EXERCISE DIRECTIONS
With the pictures left aside, write out exactly the lines of the listing below from the line with "Nike Epic Phantom" to the line with "Jane leather satchel", both included, and only those.

SUPPLIED DATA
- Opening Delimiter -

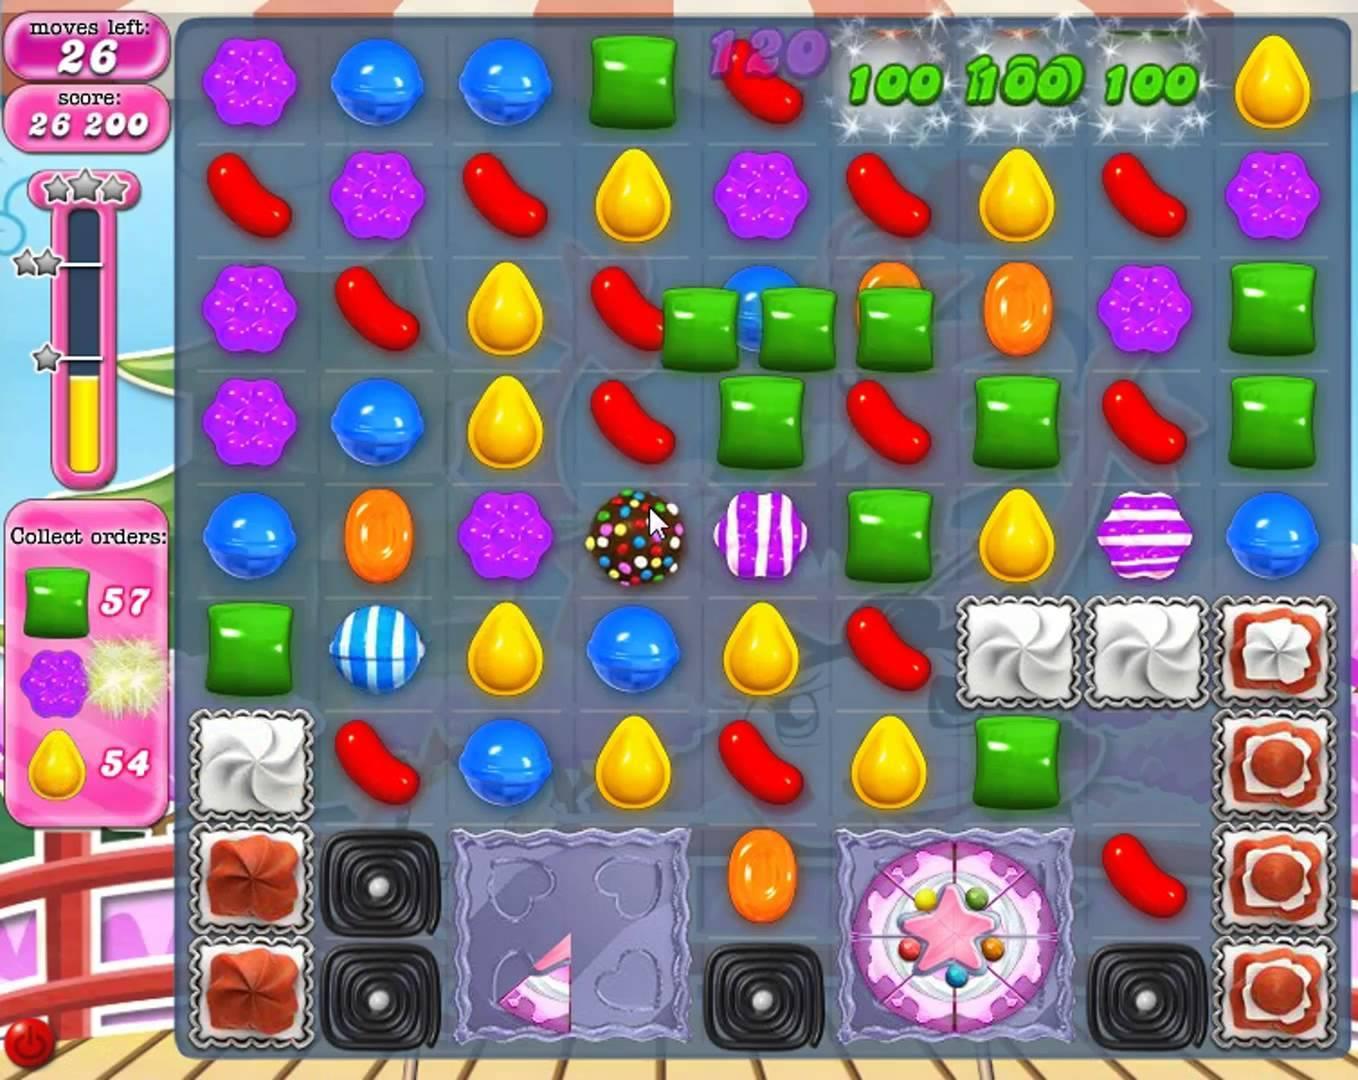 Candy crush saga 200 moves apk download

- Closing Delimiter -
- Opening Delimiter -

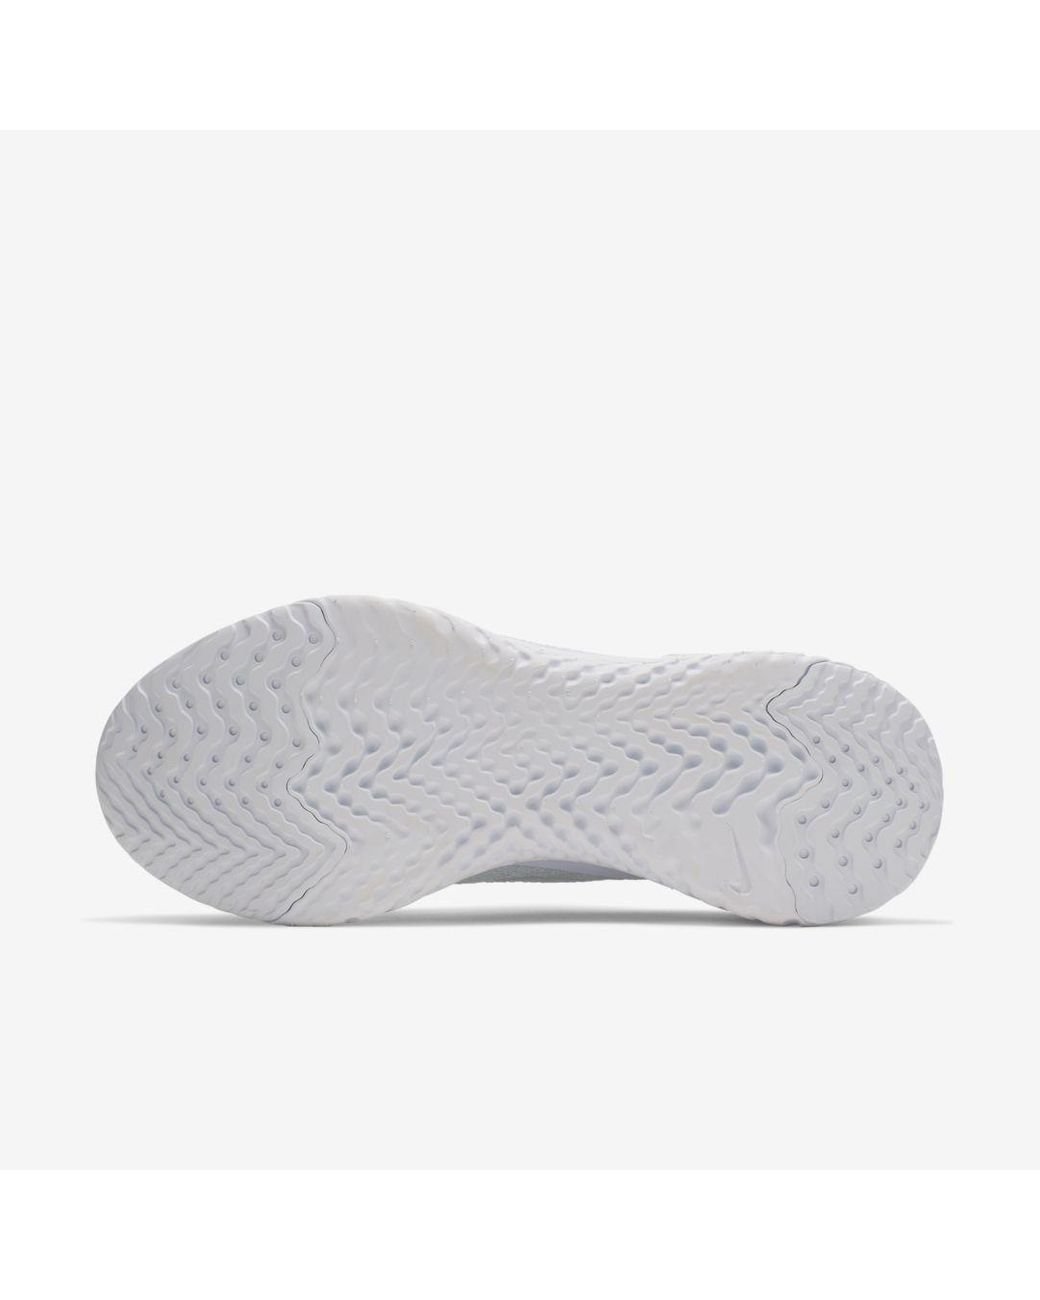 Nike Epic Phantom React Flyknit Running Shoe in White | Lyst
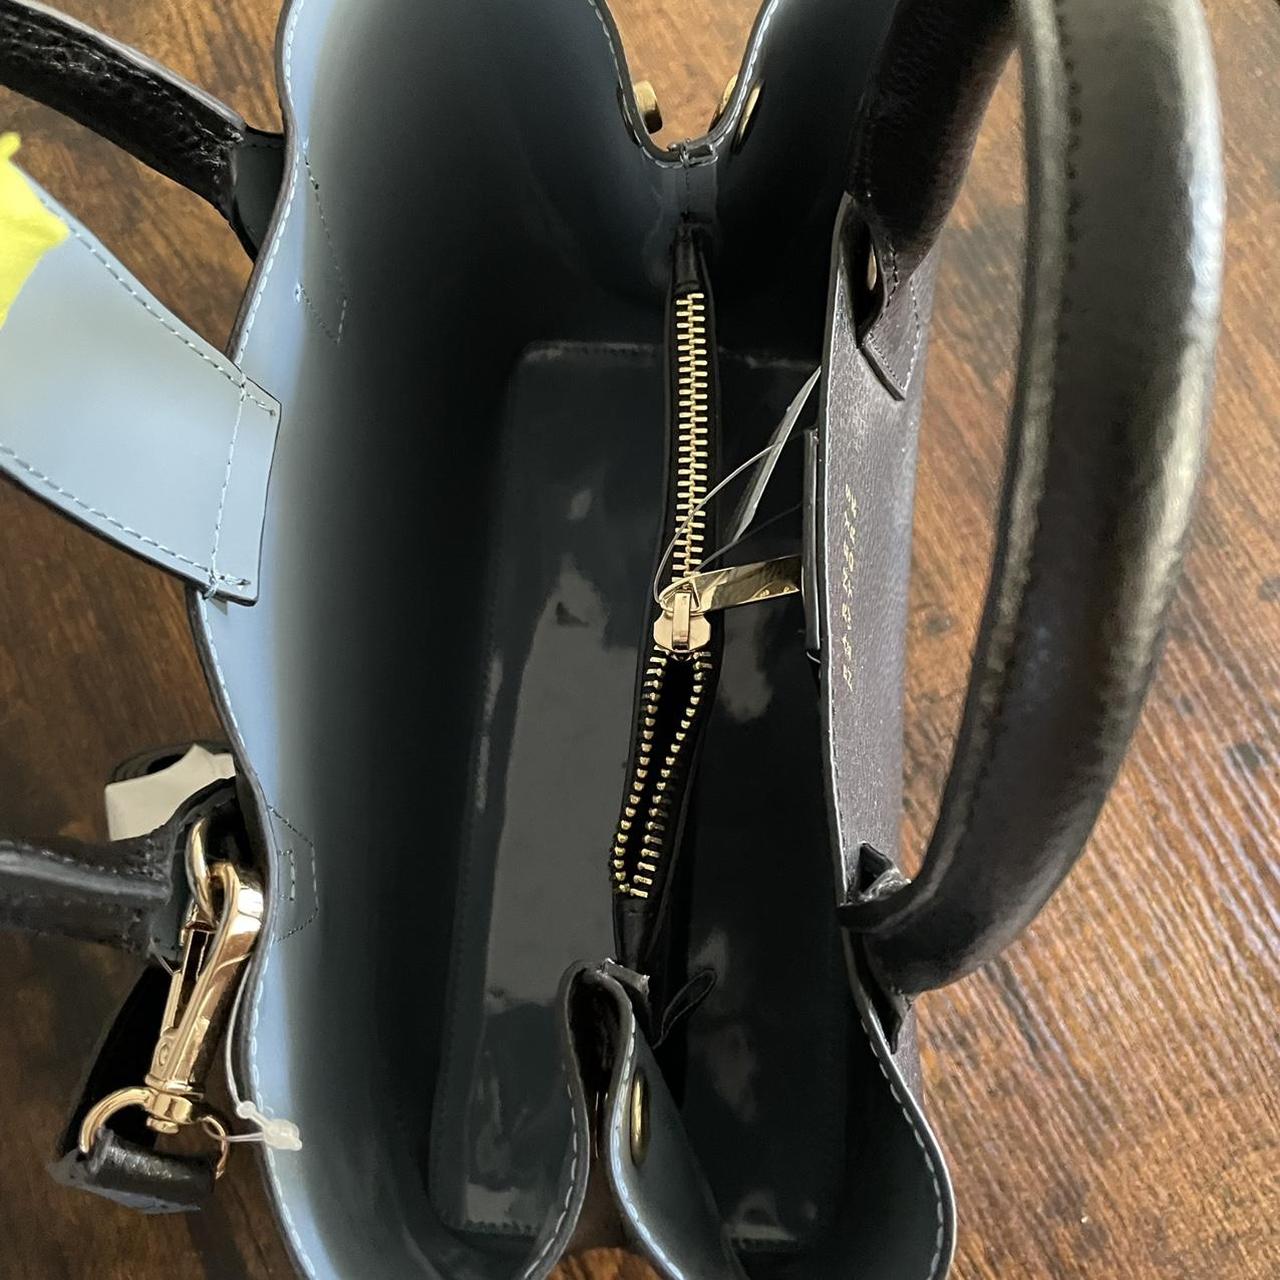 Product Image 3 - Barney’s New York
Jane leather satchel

- Closing Delimiter -

OUTPUT OF THE TASK
 Nike Epic Phantom React Flyknit Running Shoe in White | Lyst
 Product Image 3 - Barney’s New York
Jane leather satchel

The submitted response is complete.